● HOW TO COMPLETE THIS TASK: The entries that follow should be duplicated in full, without a single alteration.

Collection entries
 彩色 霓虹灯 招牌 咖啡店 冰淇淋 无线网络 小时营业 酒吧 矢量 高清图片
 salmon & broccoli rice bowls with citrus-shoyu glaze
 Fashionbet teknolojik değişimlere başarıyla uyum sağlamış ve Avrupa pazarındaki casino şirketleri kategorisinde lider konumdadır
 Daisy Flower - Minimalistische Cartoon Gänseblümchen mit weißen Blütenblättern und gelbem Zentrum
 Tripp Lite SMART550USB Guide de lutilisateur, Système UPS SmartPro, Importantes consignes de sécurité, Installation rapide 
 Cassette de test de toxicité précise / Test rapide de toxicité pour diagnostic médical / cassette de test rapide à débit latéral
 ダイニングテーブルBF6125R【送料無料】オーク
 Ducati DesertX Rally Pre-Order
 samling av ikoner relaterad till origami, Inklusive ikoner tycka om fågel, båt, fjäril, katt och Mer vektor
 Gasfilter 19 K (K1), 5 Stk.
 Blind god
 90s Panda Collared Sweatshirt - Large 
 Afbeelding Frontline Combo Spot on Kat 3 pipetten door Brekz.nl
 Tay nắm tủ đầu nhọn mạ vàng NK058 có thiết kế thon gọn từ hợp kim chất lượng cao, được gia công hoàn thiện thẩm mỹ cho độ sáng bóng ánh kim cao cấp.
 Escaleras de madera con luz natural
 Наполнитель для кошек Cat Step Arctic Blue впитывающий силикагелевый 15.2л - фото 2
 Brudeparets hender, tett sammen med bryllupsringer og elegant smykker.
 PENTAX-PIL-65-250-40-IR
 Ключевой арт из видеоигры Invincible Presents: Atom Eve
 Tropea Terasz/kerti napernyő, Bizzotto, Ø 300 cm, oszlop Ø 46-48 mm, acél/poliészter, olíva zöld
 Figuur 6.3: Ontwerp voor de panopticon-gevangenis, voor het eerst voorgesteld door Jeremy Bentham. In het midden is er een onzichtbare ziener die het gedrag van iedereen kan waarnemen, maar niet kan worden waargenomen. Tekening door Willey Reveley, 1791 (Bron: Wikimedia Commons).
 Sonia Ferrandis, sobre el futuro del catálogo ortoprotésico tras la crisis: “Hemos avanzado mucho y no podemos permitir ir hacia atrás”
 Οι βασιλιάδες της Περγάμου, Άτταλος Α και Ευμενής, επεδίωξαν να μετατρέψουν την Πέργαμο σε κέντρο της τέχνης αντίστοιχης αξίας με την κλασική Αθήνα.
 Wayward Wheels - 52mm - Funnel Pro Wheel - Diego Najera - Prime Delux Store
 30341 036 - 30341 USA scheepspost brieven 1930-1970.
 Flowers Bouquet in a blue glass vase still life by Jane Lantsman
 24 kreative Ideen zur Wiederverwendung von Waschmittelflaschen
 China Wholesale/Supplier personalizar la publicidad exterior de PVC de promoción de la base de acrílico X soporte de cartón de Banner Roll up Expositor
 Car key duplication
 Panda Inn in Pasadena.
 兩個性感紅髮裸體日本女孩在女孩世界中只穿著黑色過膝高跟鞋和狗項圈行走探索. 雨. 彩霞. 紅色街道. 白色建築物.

● SOLUTION BELOW:
 彩色 霓虹灯 招牌 咖啡店 冰淇淋 无线网络 小时营业 酒吧 矢量 高清图片
 salmon & broccoli rice bowls with citrus-shoyu glaze
 Fashionbet teknolojik değişimlere başarıyla uyum sağlamış ve Avrupa pazarındaki casino şirketleri kategorisinde lider konumdadır
 Daisy Flower - Minimalistische Cartoon Gänseblümchen mit weißen Blütenblättern und gelbem Zentrum
 Tripp Lite SMART550USB Guide de lutilisateur, Système UPS SmartPro, Importantes consignes de sécurité, Installation rapide 
 Cassette de test de toxicité précise / Test rapide de toxicité pour diagnostic médical / cassette de test rapide à débit latéral
 ダイニングテーブルBF6125R【送料無料】オーク
 Ducati DesertX Rally Pre-Order
 samling av ikoner relaterad till origami, Inklusive ikoner tycka om fågel, båt, fjäril, katt och Mer vektor
 Gasfilter 19 K (K1), 5 Stk.
 Blind god
 90s Panda Collared Sweatshirt - Large 
 Afbeelding Frontline Combo Spot on Kat 3 pipetten door Brekz.nl
 Tay nắm tủ đầu nhọn mạ vàng NK058 có thiết kế thon gọn từ hợp kim chất lượng cao, được gia công hoàn thiện thẩm mỹ cho độ sáng bóng ánh kim cao cấp.
 Escaleras de madera con luz natural
 Наполнитель для кошек Cat Step Arctic Blue впитывающий силикагелевый 15.2л - фото 2
 Brudeparets hender, tett sammen med bryllupsringer og elegant smykker.
 PENTAX-PIL-65-250-40-IR
 Ключевой арт из видеоигры Invincible Presents: Atom Eve
 Tropea Terasz/kerti napernyő, Bizzotto, Ø 300 cm, oszlop Ø 46-48 mm, acél/poliészter, olíva zöld
 Figuur 6.3: Ontwerp voor de panopticon-gevangenis, voor het eerst voorgesteld door Jeremy Bentham. In het midden is er een onzichtbare ziener die het gedrag van iedereen kan waarnemen, maar niet kan worden waargenomen. Tekening door Willey Reveley, 1791 (Bron: Wikimedia Commons).
 Sonia Ferrandis, sobre el futuro del catálogo ortoprotésico tras la crisis: “Hemos avanzado mucho y no podemos permitir ir hacia atrás”
 Οι βασιλιάδες της Περγάμου, Άτταλος Α και Ευμενής, επεδίωξαν να μετατρέψουν την Πέργαμο σε κέντρο της τέχνης αντίστοιχης αξίας με την κλασική Αθήνα.
 Wayward Wheels - 52mm - Funnel Pro Wheel - Diego Najera - Prime Delux Store
 30341 036 - 30341 USA scheepspost brieven 1930-1970.
 Flowers Bouquet in a blue glass vase still life by Jane Lantsman
 24 kreative Ideen zur Wiederverwendung von Waschmittelflaschen
 China Wholesale/Supplier personalizar la publicidad exterior de PVC de promoción de la base de acrílico X soporte de cartón de Banner Roll up Expositor
 Car key duplication
 Panda Inn in Pasadena.
 兩個性感紅髮裸體日本女孩在女孩世界中只穿著黑色過膝高跟鞋和狗項圈行走探索. 雨. 彩霞. 紅色街道. 白色建築物.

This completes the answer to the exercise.